HI hows it going yes iam posting again i had a session with my counsler this morning and i came out of that room feeling alot less guilt the pain is still very hard i know its going to take awhile to get over my grief but i feel like a waight has been lifted off my shoulders i showed my counseler the letter brian left behind for me and he helped me read between the lines my cousin had made up his mind a long time ago to end his life and the fact that he was so much at peace with himself and so happy just like that all of a sudden and did not need any support thats when he decieded to end his life he was just sticking around to say his goodbys in his secretive way by going to visit people and family he had not seen in years with out us catching on well it made more sense the way the counseler said it but anyway i know now that i was there for him and i tried to help him but iam not a mind reader iam only human and he OD himself no one helped him so i want to thank u my dear friend and the others here for helping me decied to go see a counseler iam going to be fine i know i will make it.
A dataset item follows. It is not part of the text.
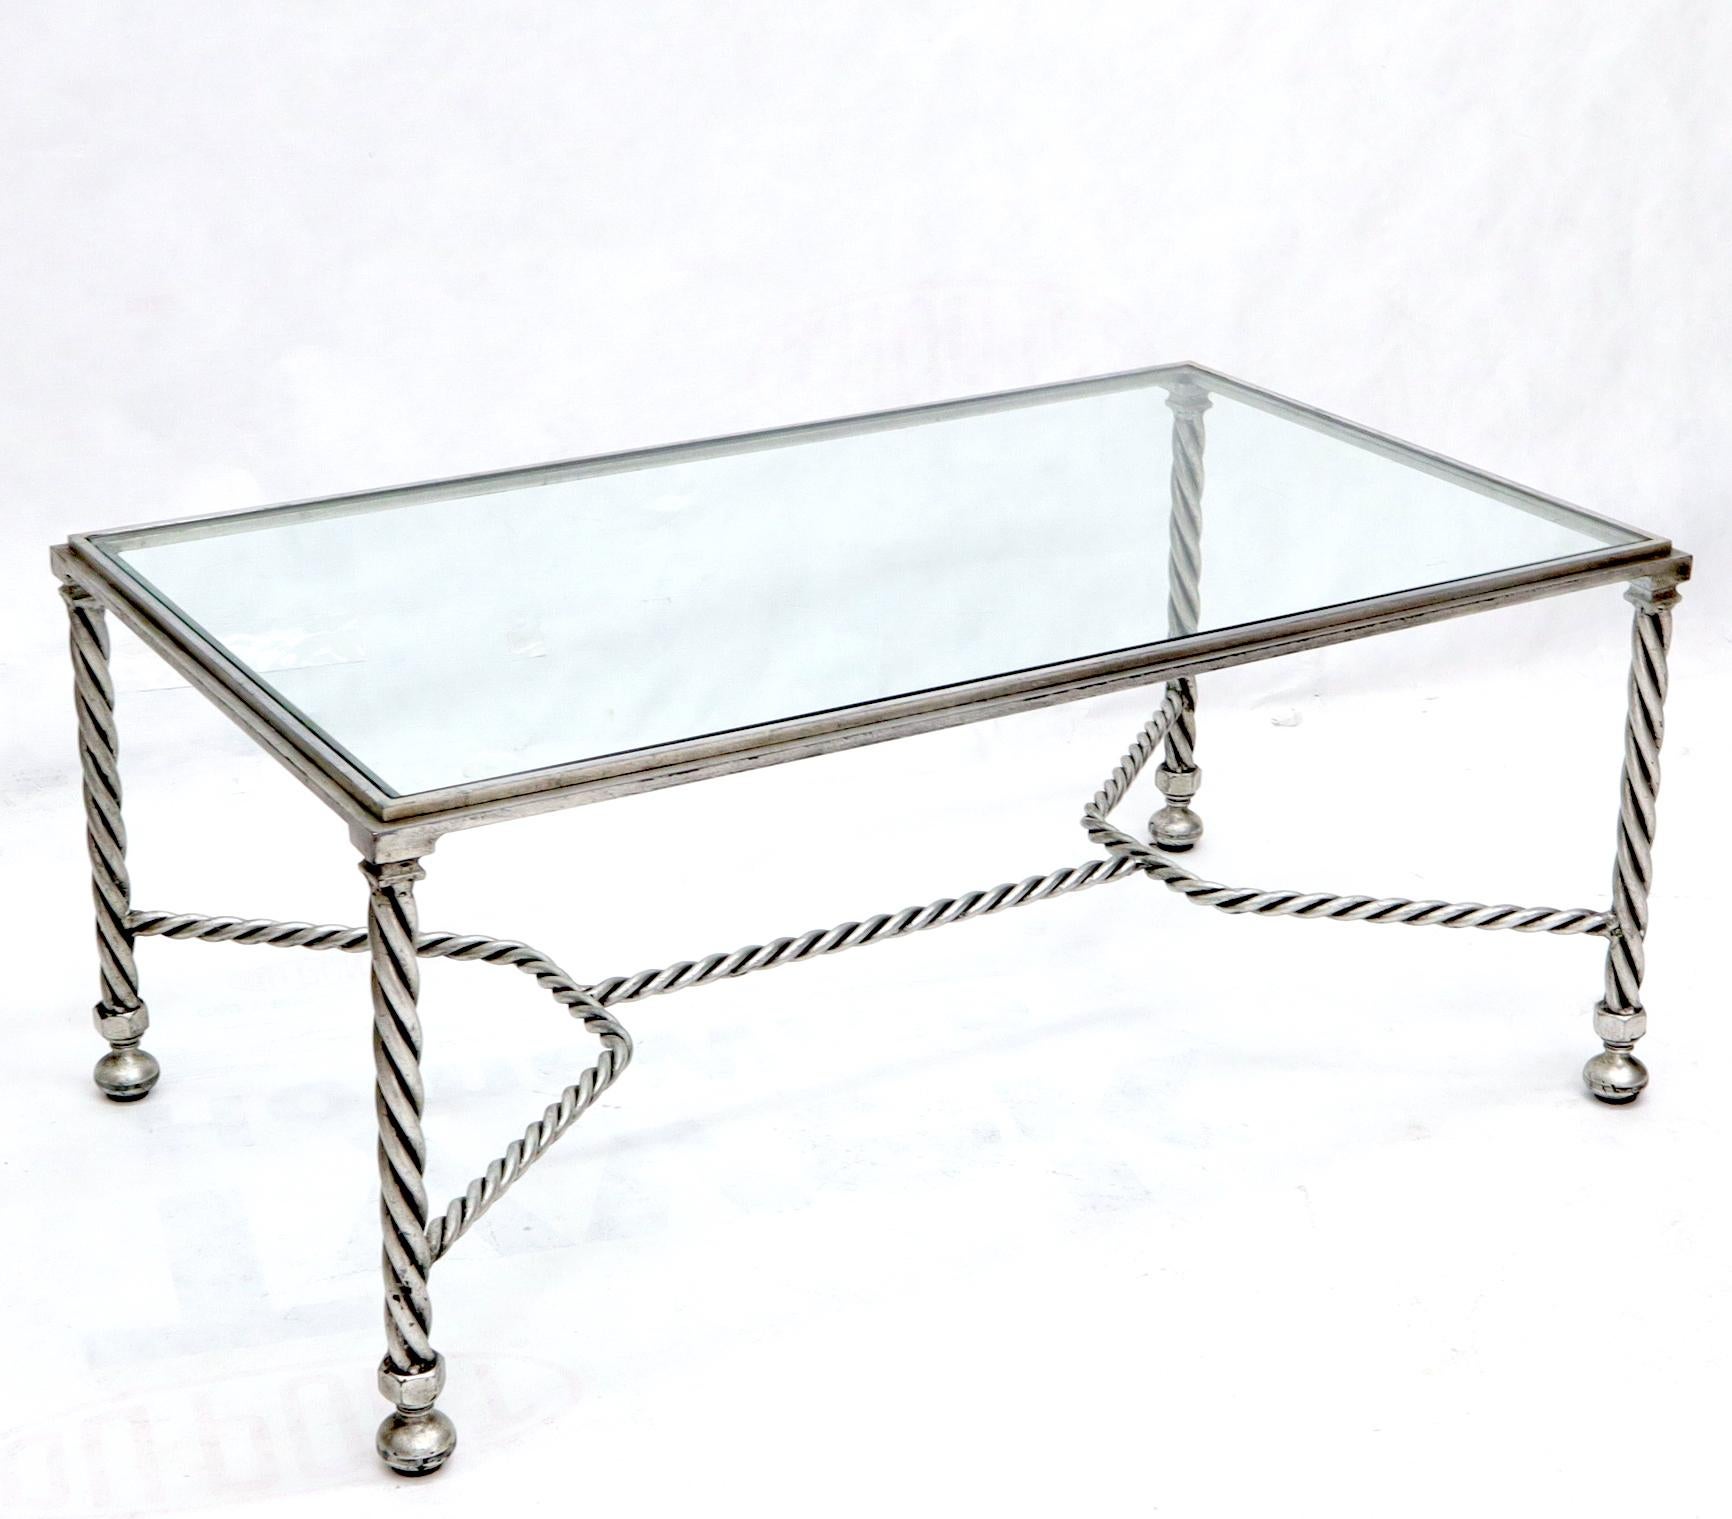 Italian Forged Metal Twisted Rope Effect Silver Gilt Base Rectangle Coffee Table For Sale

LOVE AND HUGS LITTLE H.
Hi H sometimes out of sorrow comes positivity im so pleased your understanding the grieving process and its not altered your plan of recovery your such a strong person i know you can get through this and come out the other side a better person with much more understanding. I am not sure this is what you might not of thought about but for some people reading your struggle and how your coping its got to be a inspiration for them they can see that in times of need people can be there for you no matter who they are or what they are going through you are in my thoughts hun and always will be where ever you are and whatever your doing. to me you are one of the most compassionate and loving people i know and im honored to be your friend. jackie xxxxxxxxxxxxxxxx
Hi
You two really inspire me, thanks for being here
Paul
You two really inspire me, thanks for being here
Paul
Paul ((((((((hugs)))))))))) take care of you jackie xx
HI PAUL thanks for your kind words when i first came on this pain site i was so mixed up there are alot of kind careing people on this board but jacky was my life line its very rare to come across someone like her wich u can share each your own opinions with and not have them throw it back at u with anger and insults just because u dont always see things the same way but jacky is the type of person who respect ones opinion as do i anyway keep posting paul u are wellcome here .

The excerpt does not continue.